Very happy to see this become public, and it looks very impressive. I'm blushing a bit. Patrick and I indeed had very stimulating conversations, but all the hard work figuring out how to map rendering efficiently to a GPU is Patrick's.
This is an exciting demonstration, but I have one worry that's unaddressed: I'm assuming all the other nitpicky details of hinted font rendering etc is handled correctly by all the renderers compared? I mean, they all provide pixel-identical output?
Otherwise the point is mostly useless. A faster rendering implementation is almost useless if the output doesn't look as nice. I wouldn't care if the text I'm reading over 5 minutes takes 200ms vs 800ms to render.
Pathfinder's rendering is best-in-class, equaling or exceeding the quality of the other renderers. FreeType, stb_truetype, font-rs, and Pathfinder all use exact trapezoidal area calculations for antialiasing. Most GPU algorithms use lower-quality multisample antialiasing, but matching the system renderer in quality is one of the key goals of Pathfinder.
Regarding hinting, hinting is mostly a transformation applied to the vectors before rasterization, so it's (again, mostly) independent of the actual vector rasterizer. Note that many systems do no hinting at all. To make the benchmarks fair, hinting was disabled for the libraries that support it.
Having done some work that involved comparing a number of text rendering libraries in the past, I'm aware of the minute differences in rendering and hinting (even when the output should be the same). Could you briefly mention how hinting here would compare to ClearType?
I've been planning lately on writing my own little 2d rasterizer for fun. While I really like the trapezoidal signed-area method, when reading STB's write-up I noticed that it can overestimate coverage when a path self-intersects or when subpaths intersect. Does Pathfinder solve this?
Between that and clipping paths, I've been thinking of sticking with multisampling, as nice as the exactness of the trapezoidal algorithm can be.
Pathfinder doesn't do anything special in that case; it has the same limitations as stb_truetype. There's probably a way to fix these issues if they come up in practice.
I would recommend doing the trapezoidal area approach in spite of these limitations. Having 256 shades of gray instead of 8 or so makes a big difference for all paths, not just pathological ones. It often ends up faster than MSAA, too.
I think one can mix hinters and renderers from different libraries. If it's all about fast vector rendering I don't see why they couldn't just use freetype's hinter (maybe they do).
You can. For my programming font [0], I provide versions of it that bake in the output from Freetype's hint interpreter applied at different point sizes and display DPIs. This way platforms such as macOS that don't always apply hinting can show it as though they did.
> I mean, they all provide pixel-identical output?
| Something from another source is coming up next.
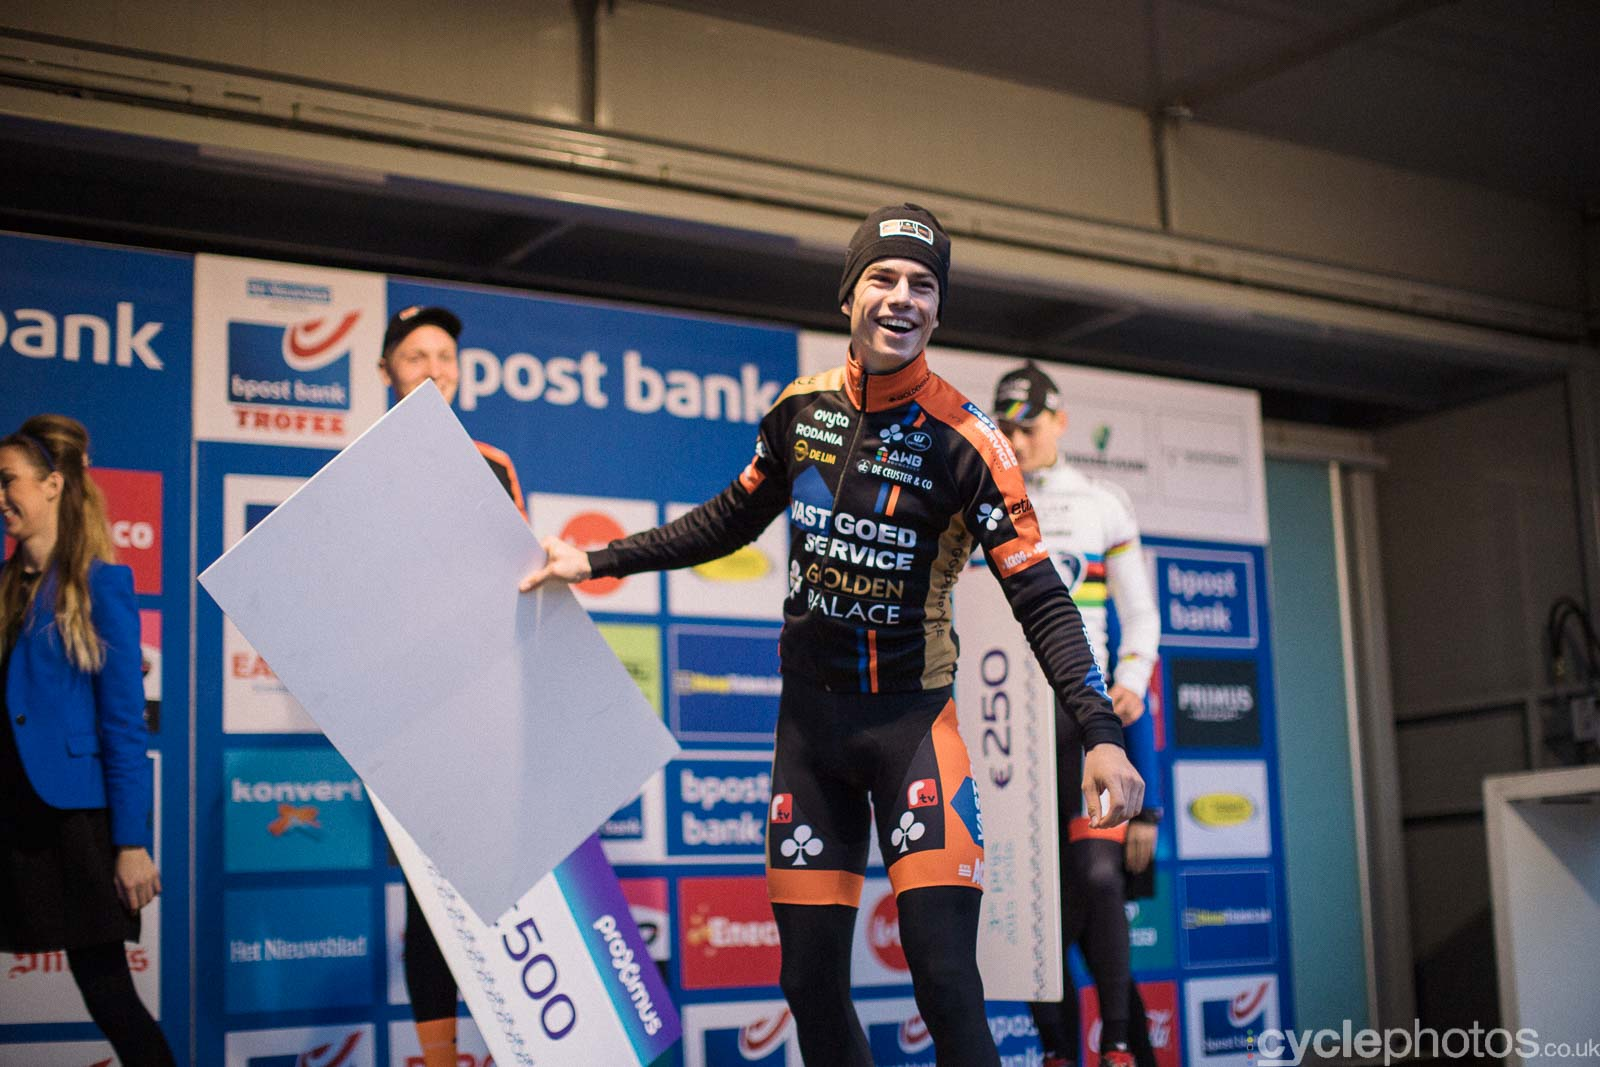 2015-cyclephotos-cyclocross-azencross-161819-wout-van-aert

I wonder if this is even possible once you move it to the GPU. Reading about some of the fingerprinting methods in browsers lately, many rely on different GPU's doing different things with the same input.
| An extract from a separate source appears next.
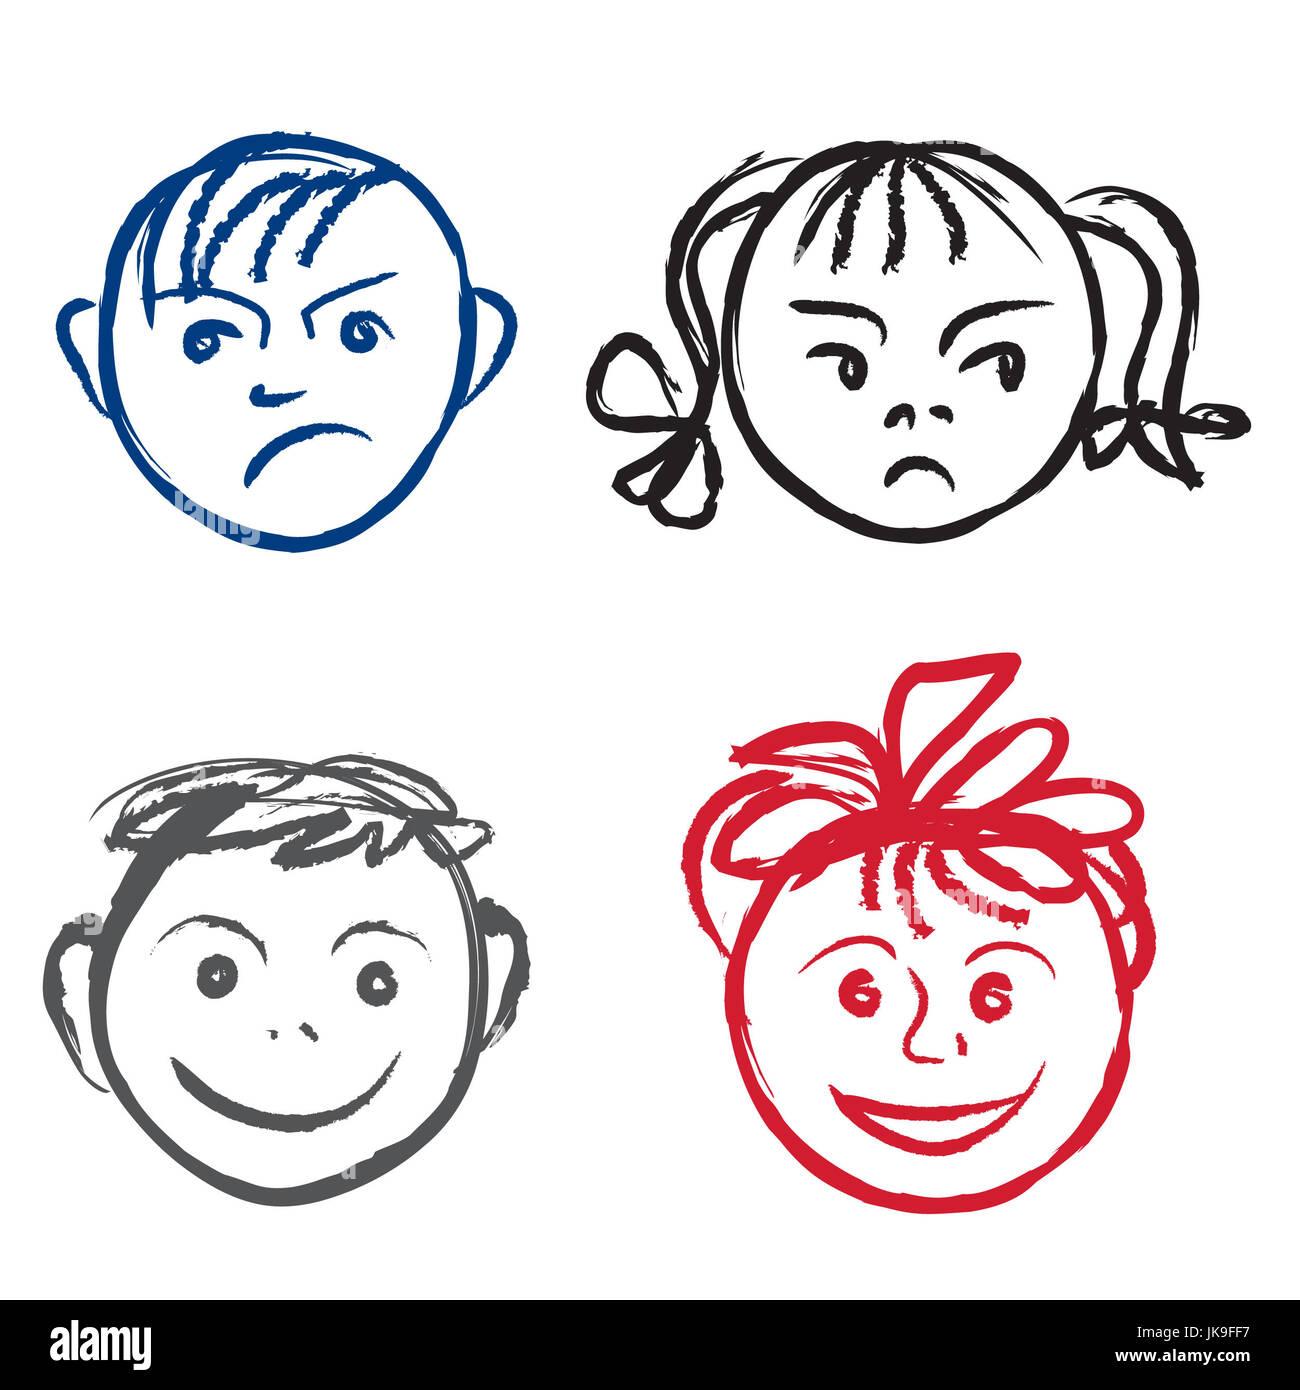 sad boy face cartoon illustration stock photos sad boy face

- Poorly defined APIs/types that allow vendors to diverge.
- Legit driver bugs.
- Vendors preferring optimizations to following the spec(including skipping memzero requirements).
- Hardware that doesn't behave how it should(fp32 falling back to fp16 silently for instance).
Overall you don't really win any points in the market for correctness, instead performance and efficiency are highly valued.
It depends on what kind(s) of development you are doing. I've become more comfortable on mac and linux than on windows... but even in windows now, I'm more inclined to be in a bash prompt (via git, and conemu) than I am a console prompt.
Node is my current dev environment of choice, but I'm mostly doing service level things or web-based applications. So it fits well for that use case. Of course it also shapes my choices if I did do desktop stuff as I'd more likely reach for ReactNative or Electron. Even if I'm very interesting in getting my feet wet with go and rust.
Eh, I can't blame them terribly for introducing it. It was pre-Vulkan so they didn't have any open options when it came to a DX12/Vulkan-level graphics API.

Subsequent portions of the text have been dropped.